Deputy Procurator-General of the Supreme People's Procuratorate
- In office August 2004 – April 2014

Procurator-General of the Zhejiang Provincial People's Procuratorate
- In office January 2003 – August 2004

Vice Chairman of the Zhejiang Provincial Commission for Discipline Inspection
- In office July 2001 – January 2003

Personal details
- Born: June 1950 (age 76) Yiwu, Zhejiang, China
- Alma mater: Southwest University of Political Science and Law; Party School of the Zhejiang Provincial Committee
- Occupation: Senior Prosecutor, Second Class

= Zhu Xiaoqing =

Chinese politician

Zhu Xiaoqing (朱孝清; born June 1950) is a Chinese jurist and former senior prosecutor who held several major positions in Zhejiang Province and at the national level. He served as procurator-general of the Zhejiang Provincial People's Procuratorate, vice chairman of the Zhejiang Provincial Commission for Discipline Inspection, and later as deputy procurator-general and a member of the Procuratorial Committee of the Supreme People's Procuratorate. He is currently a vice chair of the Academic Committee of the China Law Society.

== Biography ==
Zhu Xiaoqing was born in Yiwu, Zhejiang Province. Following the reinstatement of the national college entrance examination in 1978, Zhu was admitted to the Southwest University of Political Science and Law. He joined the Chinese Communist Party in April 1980 and graduated in 1982 with a degree in law. That same year, he began working at the Zhejiang Provincial People's Procuratorate.

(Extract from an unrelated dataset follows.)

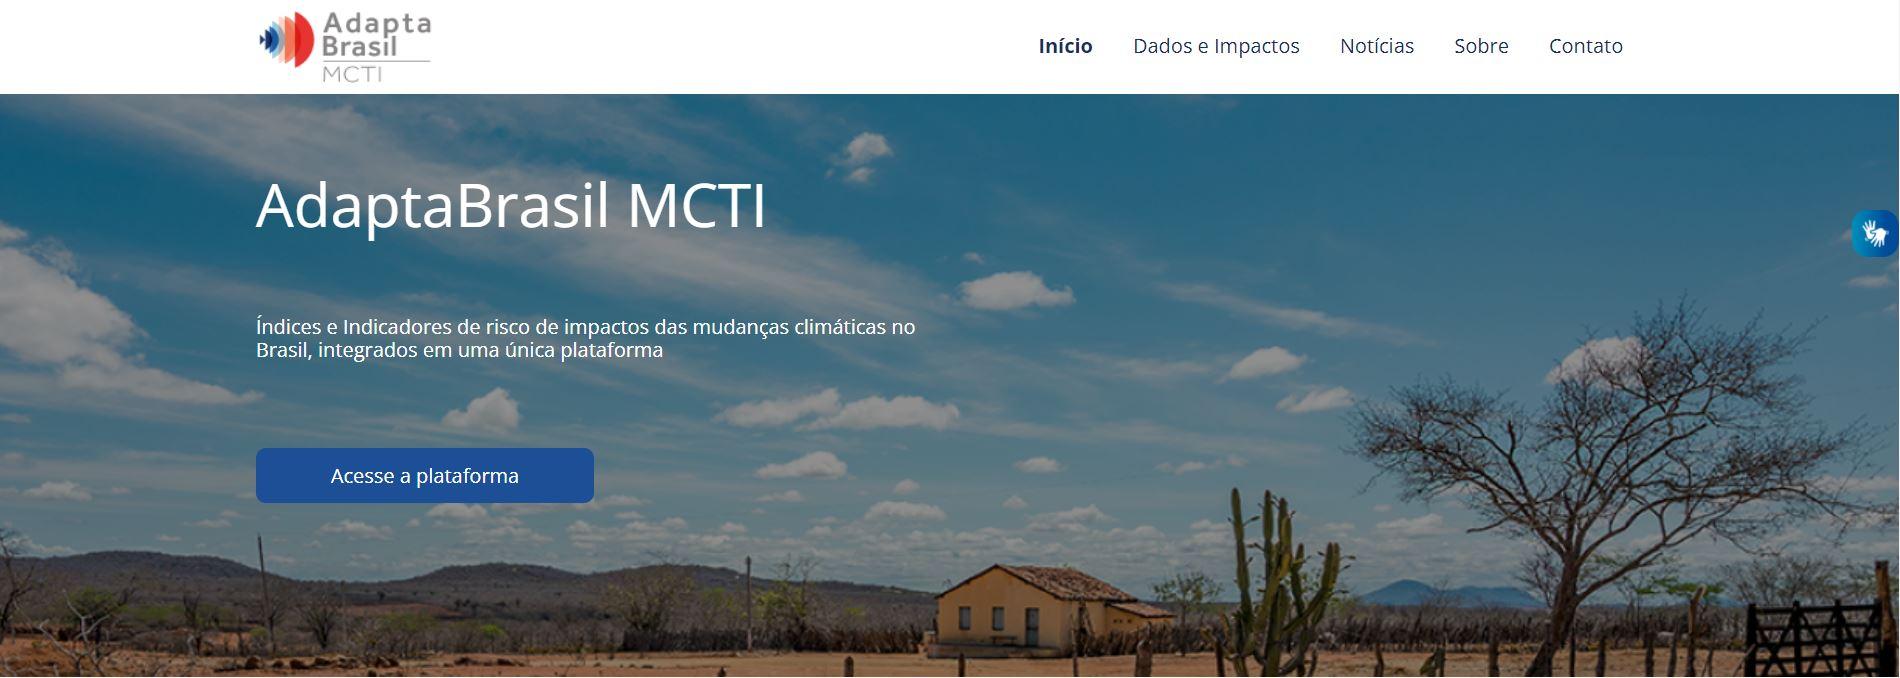 AdaptaBrasil MCTI

Between 1984 and 1988, Zhu served as deputy director and later director of the Research Office of the Zhejiang Provincial People's Procuratorate, as well as deputy procurator of the West Lake District People's Procuratorate in Hangzhou. In September 1988, he became deputy procurator-general and a member of the Party Group of the Zhejiang Provincial People's Procuratorate. He was promoted in May 1994 to deputy procurator-general and deputy secretary of the Procuratorate's Party Group.

In July 2001, Zhu was appointed vice chairman of the Zhejiang Provincial Commission for Discipline Inspection and concurrently served as head of the provincial Department of Supervision. In January 2003, he became procurator-general and Party secretary of the Zhejiang Provincial People's Procuratorate.

Zhu was appointed deputy procurator-general of the Supreme People's Procuratorate in August 2004 and became a member of its Procuratorial Committee. He was elected a standing committee member of the 11th National Committee of the Chinese People's Political Consultative Conference in March 2008, and of the 12th National Committee in March 2013. He also held concurrent positions such as vice president of the China Law Society and vice president of the China Criminal Law Research Association.